The concept of the conversion ratio from kinetic energy to elastic energy was proposed, where a smaller conversion proportion could result in greater energy dissipation. The results indicated that an increase in the water temperature resulted in a decrease in the conversion ratio and an increase in energy dissipation.

The presence of cavities increased the energy dissipation for transient cavitation flow in viscoelastic pipes. Additionally, larger cavity volumes resulted in greater energy dissipation. During the cavity collapse phase, the energy variations became more complex and chaotic.

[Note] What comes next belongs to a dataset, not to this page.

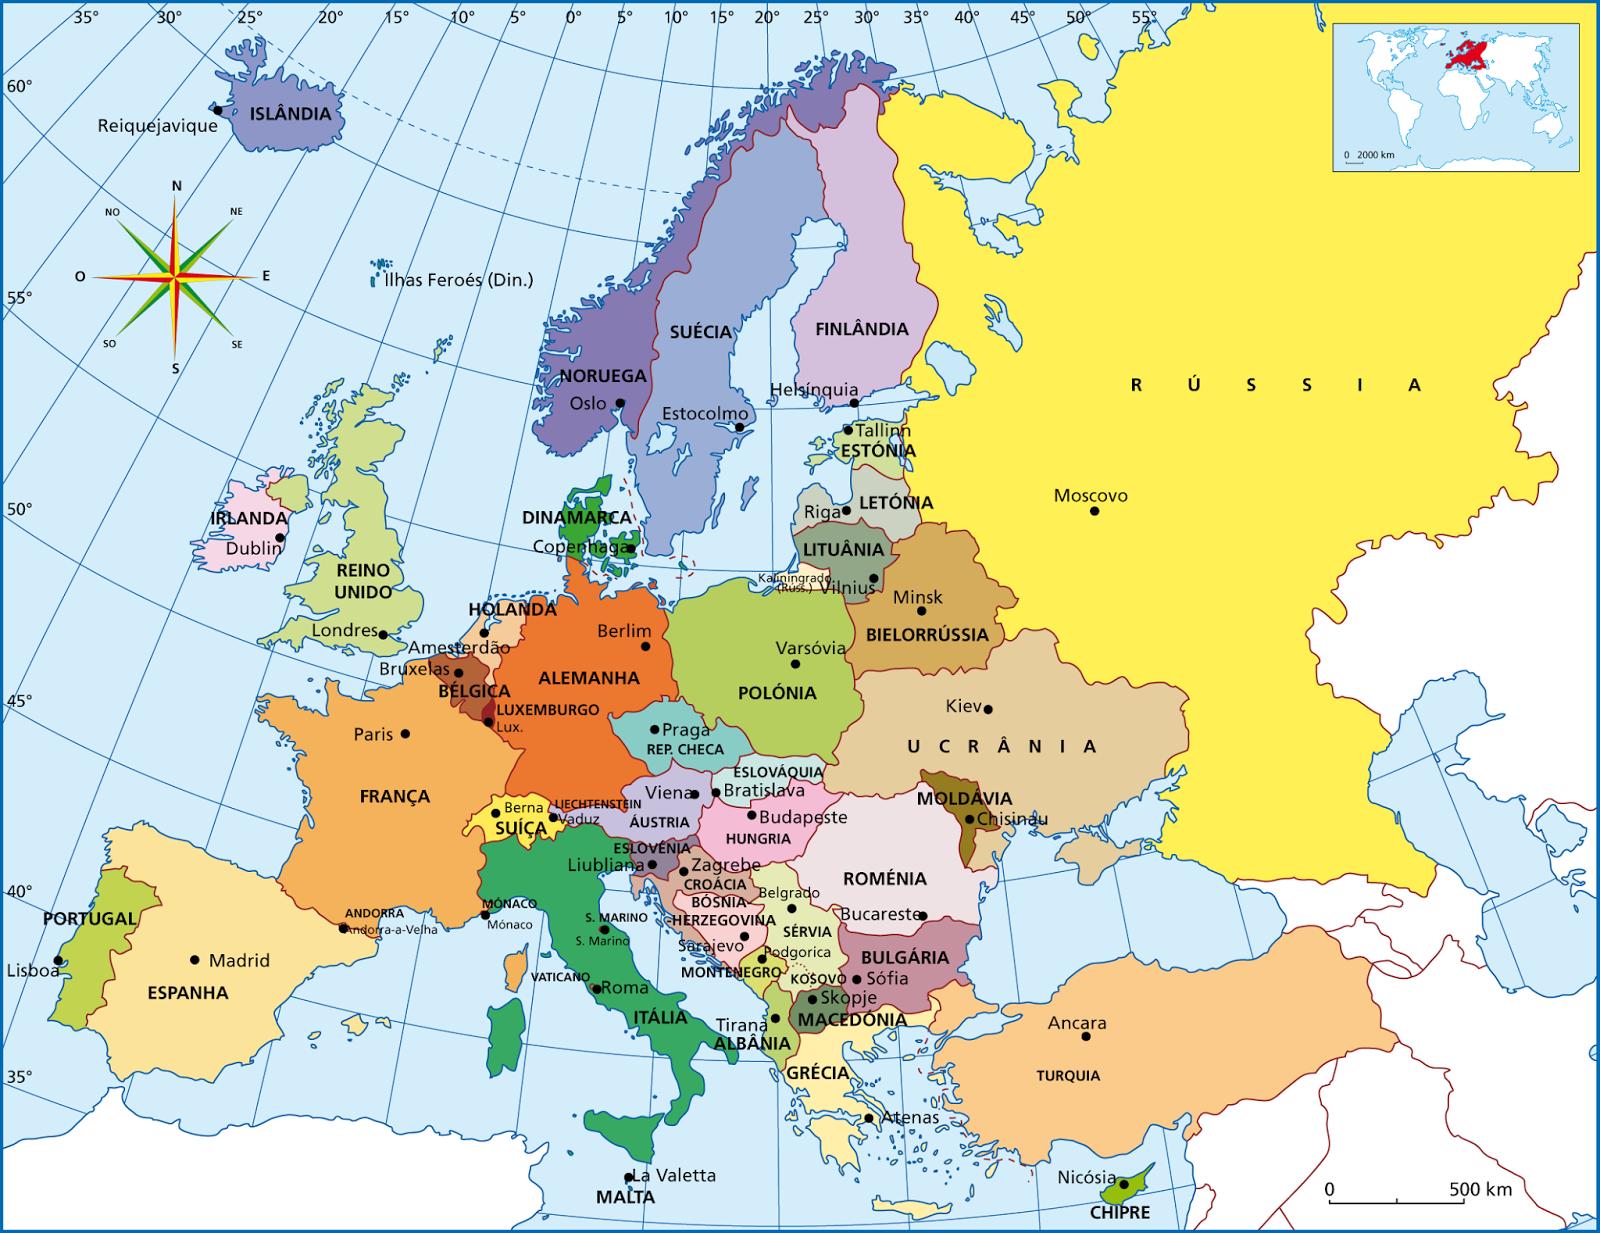 Mapa politico da Europa

The differences between the 1D-DVCM and 2D-DVCM simulations in terms of the pressure peak, phase, and cavity appearance time were small. Consequently, it was reasonable to use a one-dimensional quasi-steady friction model to replace the quasi-2D friction model.

## ACKNOWLEDGEMENTS

This work was financially supported by the Fundamental Research Funds for the Central Universities (2572021BJ02), the National Natural Science Foundation of China (51808102, 51978202), Young Innovative Talents Support Program of Harbin University of Commerce (2020CX07), and the Natural Science Fund in Heilongjiang Province (LH2020E028). The authors would like to thank Professor Kamil Urbanowicz from the West Pomeranian University of Technology for providing the experimental data.

## DATA AVAILABILITY STATEMENT

All relevant data are included in the paper or its Supplementary Information.

## CONFLICT OF INTEREST

The authors declare there is no conflict.